• _ENTRIES SUPPLIED_:
===============

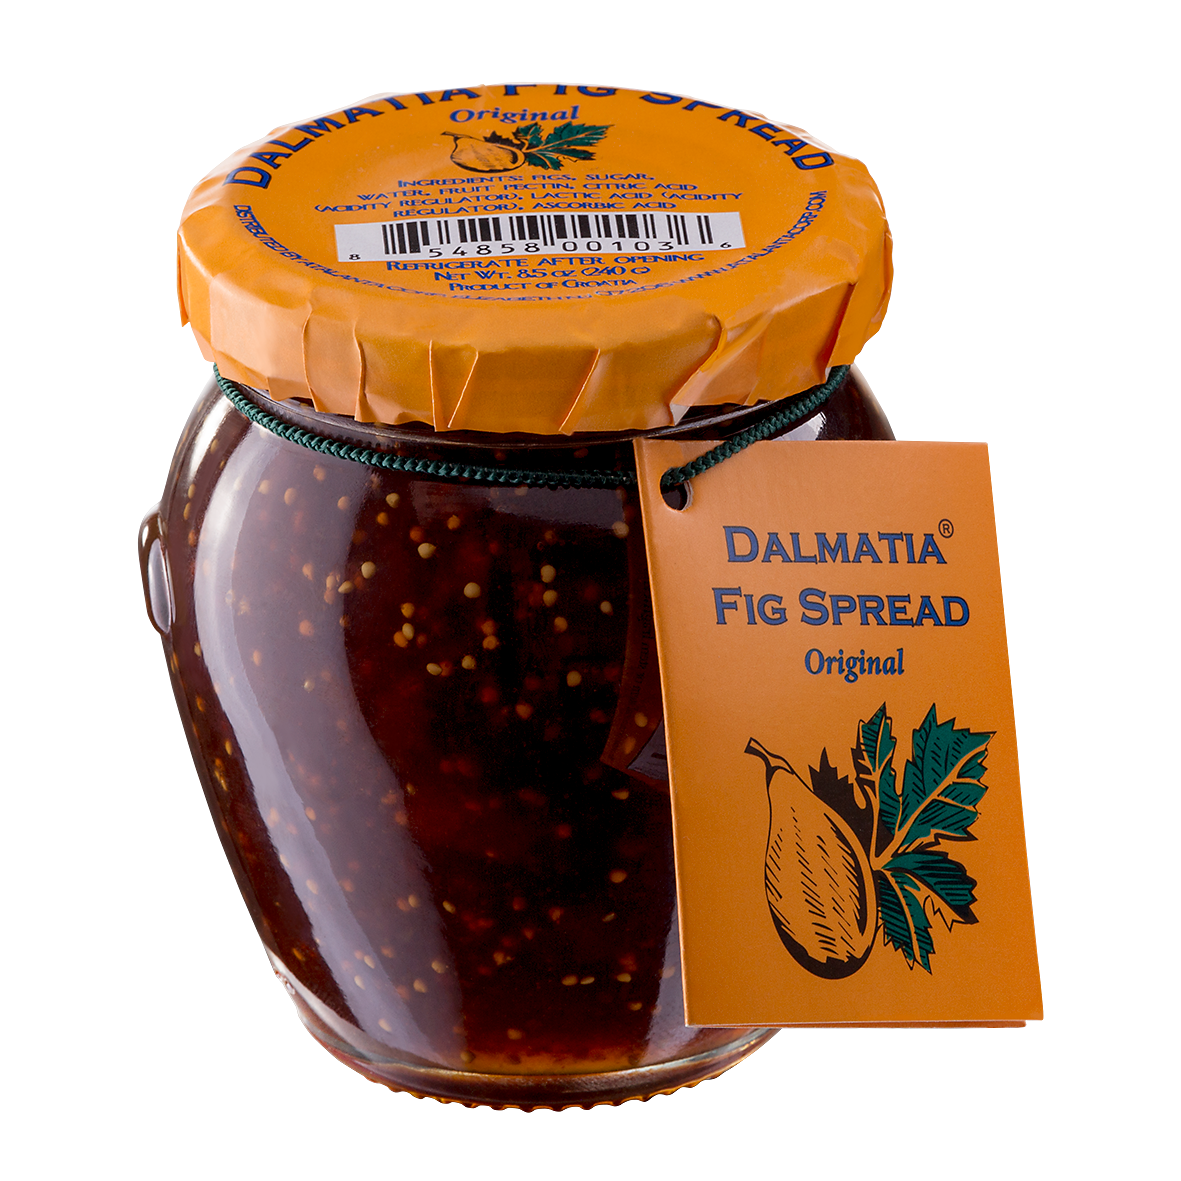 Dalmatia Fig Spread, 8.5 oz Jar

===============

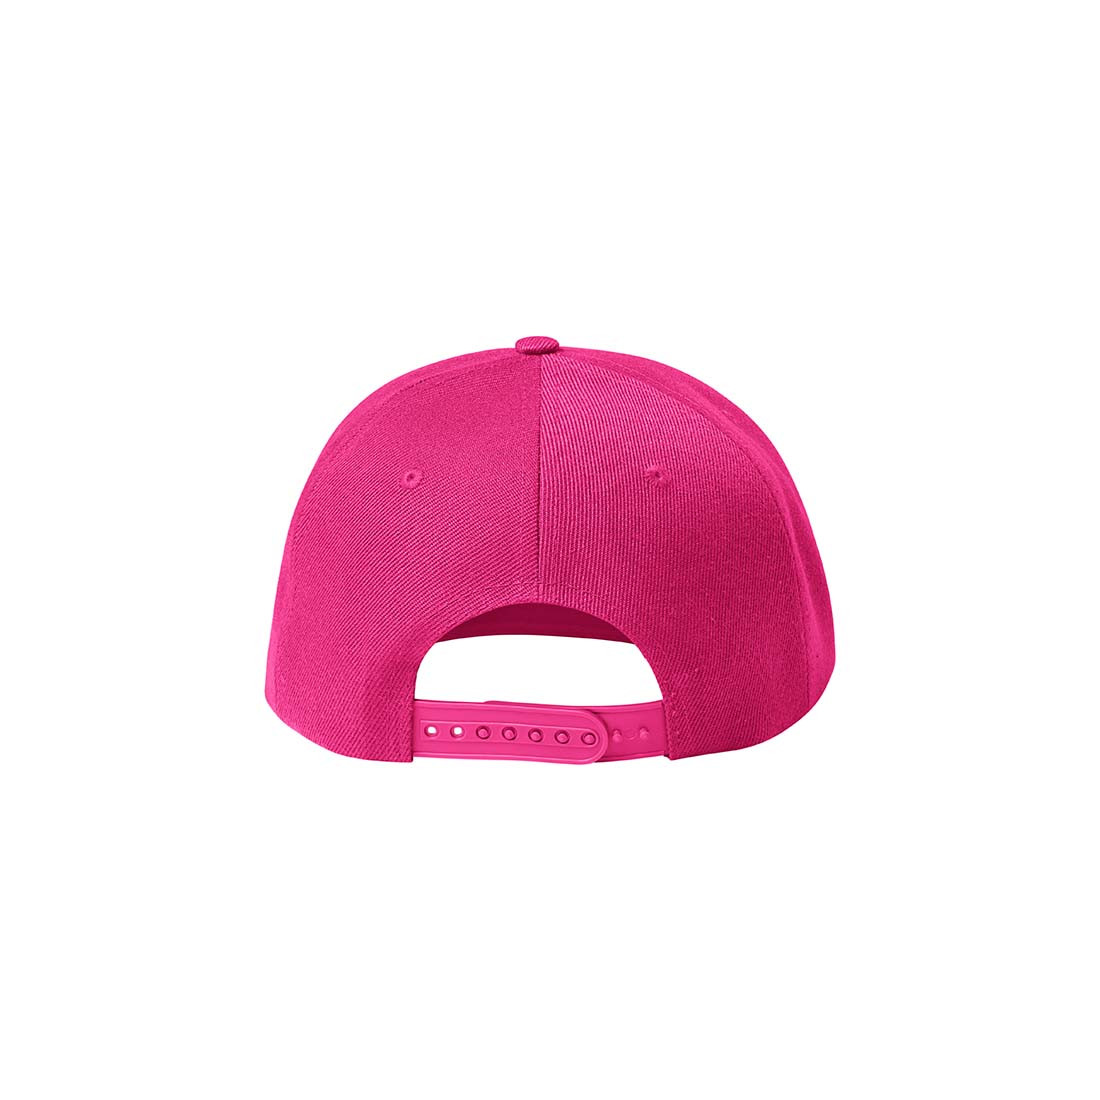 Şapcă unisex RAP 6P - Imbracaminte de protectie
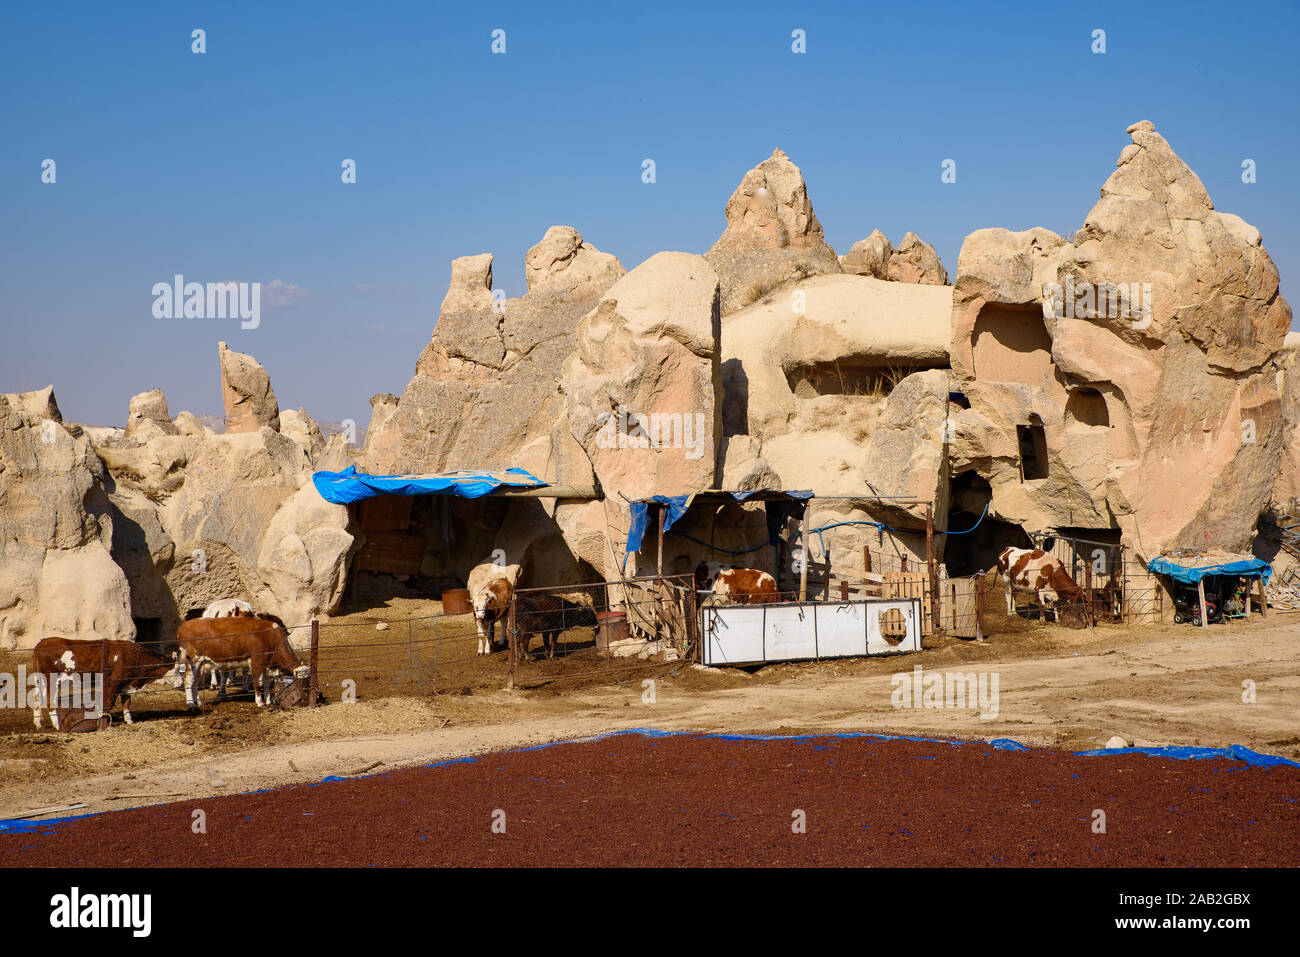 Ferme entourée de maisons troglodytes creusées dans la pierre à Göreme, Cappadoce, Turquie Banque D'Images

===============

• _TASK TO COMPLETE_: Treat the line with "Şapcă unisex RAP" as the start and the line with "Ferme entourée de" as the end, and return exactly that span of the data above, both ends included, without pictures.

• _EXERCISE ANSWER_:
 Şapcă unisex RAP 6P - Imbracaminte de protectie
 Ferme entourée de maisons troglodytes creusées dans la pierre à Göreme, Cappadoce, Turquie Banque D'Images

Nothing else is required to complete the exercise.